Camada 1: Ingest — De Onde Vêm os Dados (E Por Que Tudo Quebra)
Você vai ouvir “vamos conectar a API do X” como se fosse trivial. Não é. Cada fonte de dados é um projeto. Uma API externa (Shodan, RiskRecon, GreyNoise) tem características que determinam toda a sua estratégia: rate limits (você pode fazer 1000 requisições por hora ou 10?), histórico disponível (consegue puxar dados de 2022 ou só últimos 30 dias?), completude (a API sempre retorna os mesmos campos ou às vezes um novo aparece?), e variabilidade de latência (uma requisição leva 100ms ou às vezes 30 segundos?).

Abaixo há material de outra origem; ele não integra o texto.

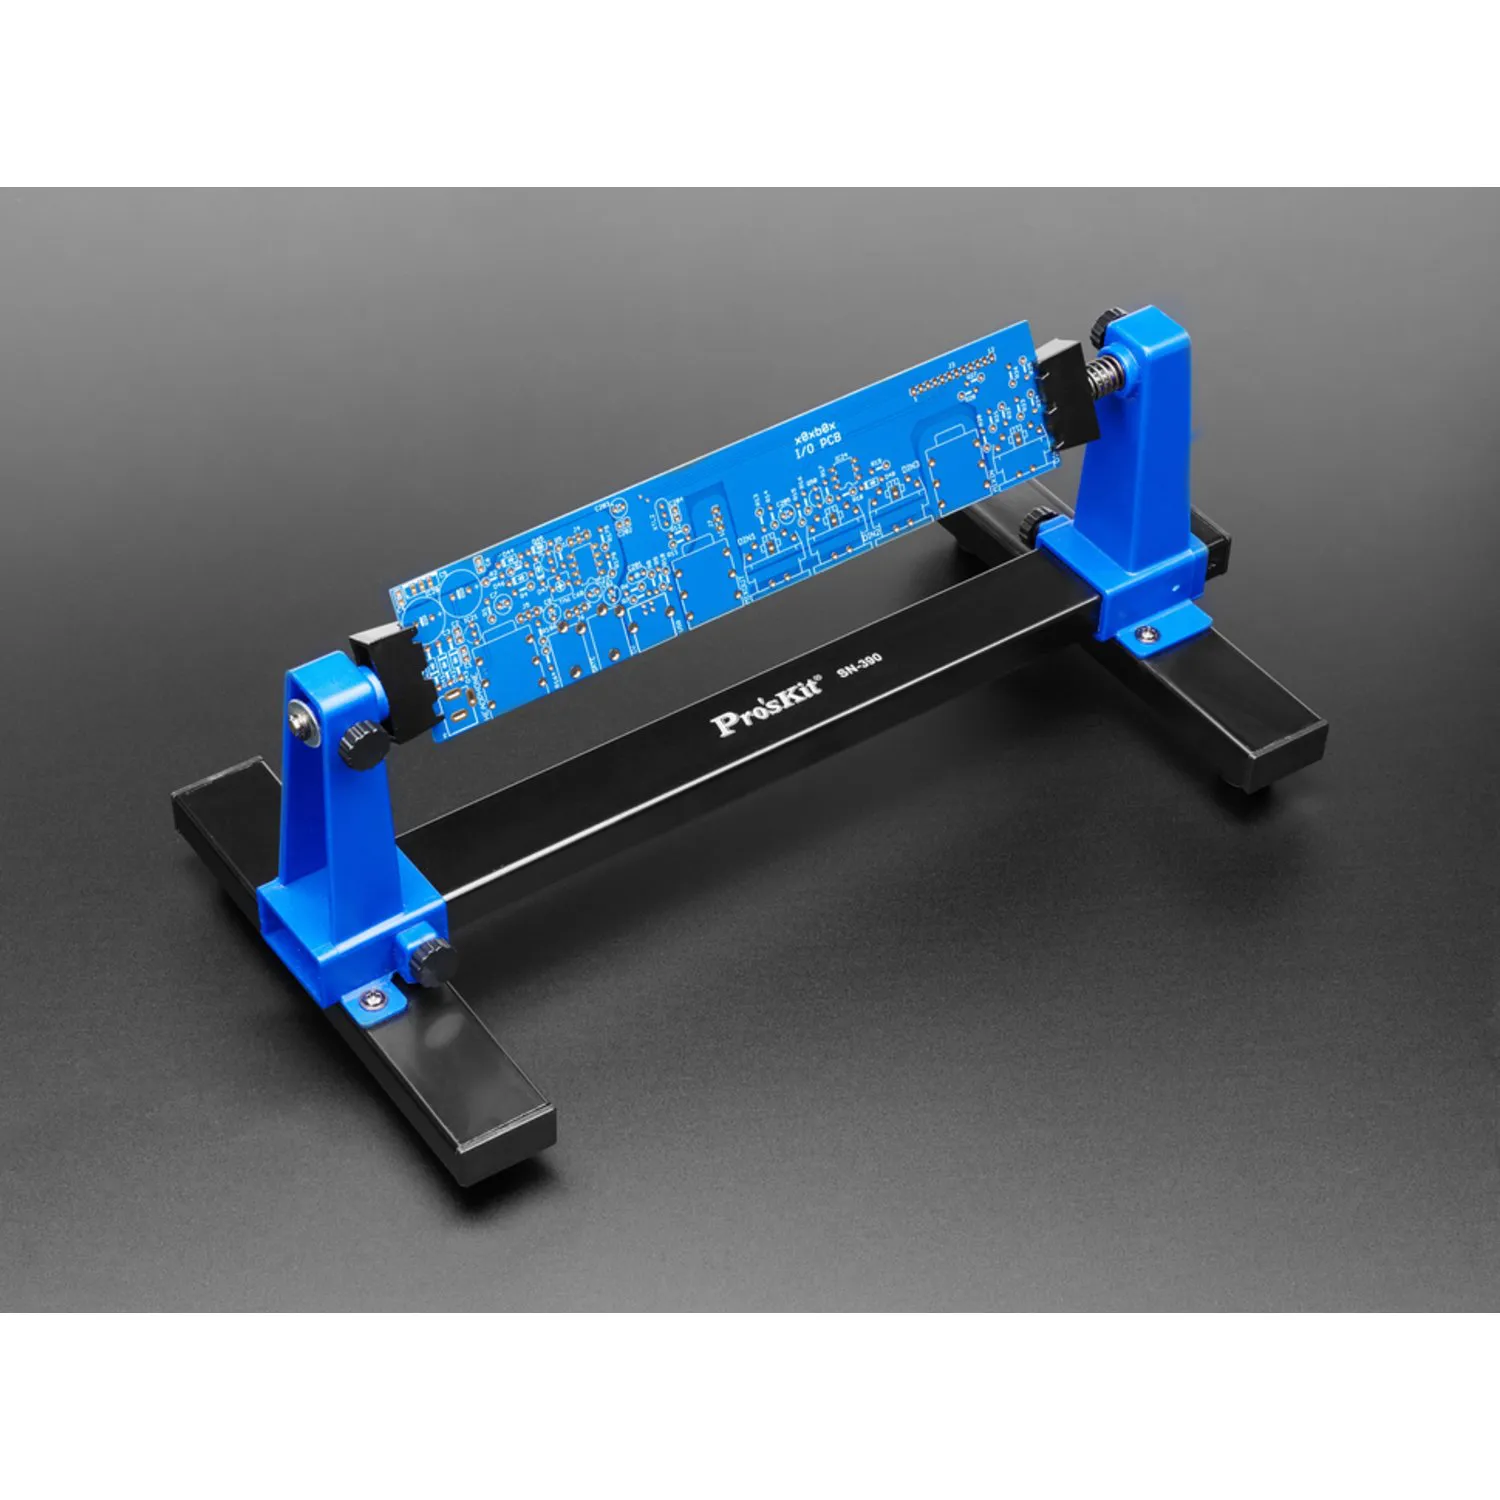 Photo of Fully Adjustable PCB Clamp Holder - Pro's Kit SN-390

Se você assinar um produto de dados que depende de uma API com rate limit de 100 req/hora, e sua demanda cresce para 500 req/hora, você tem um problema. Não é uma feature request fácil. É uma negociação com o fornecedor ou uma redesign da estratégia de caching. Essa é a realidade que a maioria dos PDMs não vê até é tarde demais.
Na prática em 2026, a maioria dos casos no Brasil usa pull via webhook + polling periódico. Você faz requisições durante o dia (pull) e tem webhooks notificando mudanças críticas (quasi-push). Dessa forma você controla a carga e não é refém de um terceiro. Pull puro (sua equipe extrai quando quer) te dá máximo controle mas você é responsável por monitorar falhas e ninguém sabe até manhã se algo quebrou. Push puro (a fonte empurra dados) oferece quase real-time mas você recebe o que eles querem enviar e se sobrecarregar podem throttle você ou desconectar.

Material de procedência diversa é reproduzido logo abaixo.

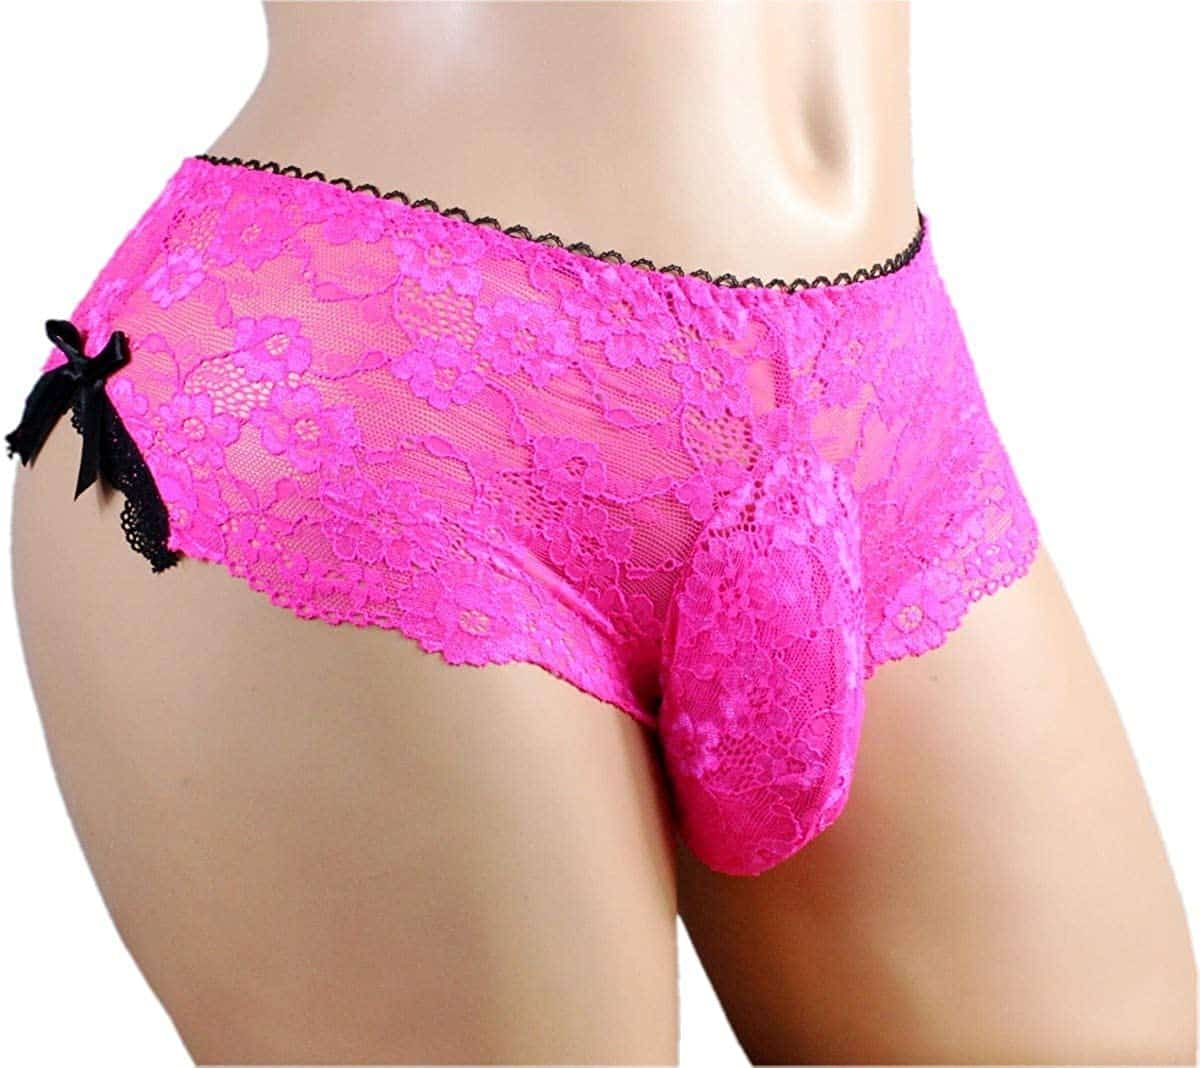 Pink lace see through sissy pouch panties for men

Quando a engenharia disser “vamos conectar o Salesforce”, você deve perguntar: qual é o RTO (Recovery Time Objective) — em quanto tempo precisamos de alerta se a fonte parar? Qual é o RPO (Recovery Point Objective) — se a fonte falhar 6 horas, perdemos dados ou conseguimos recuperar? É idempotente — se falhar e rodar novamente, duplica dados? Qual é o SLA de freshness — dados de que horário são aceitáveis? A maioria das empresas brasileiras não mapeia isso. Depois, quando o produto lança e alguém pergunta “por que o dashboard de ontem não aparece?”, ninguém sabe a resposta. Porque nunca definiram qual era a expectativa.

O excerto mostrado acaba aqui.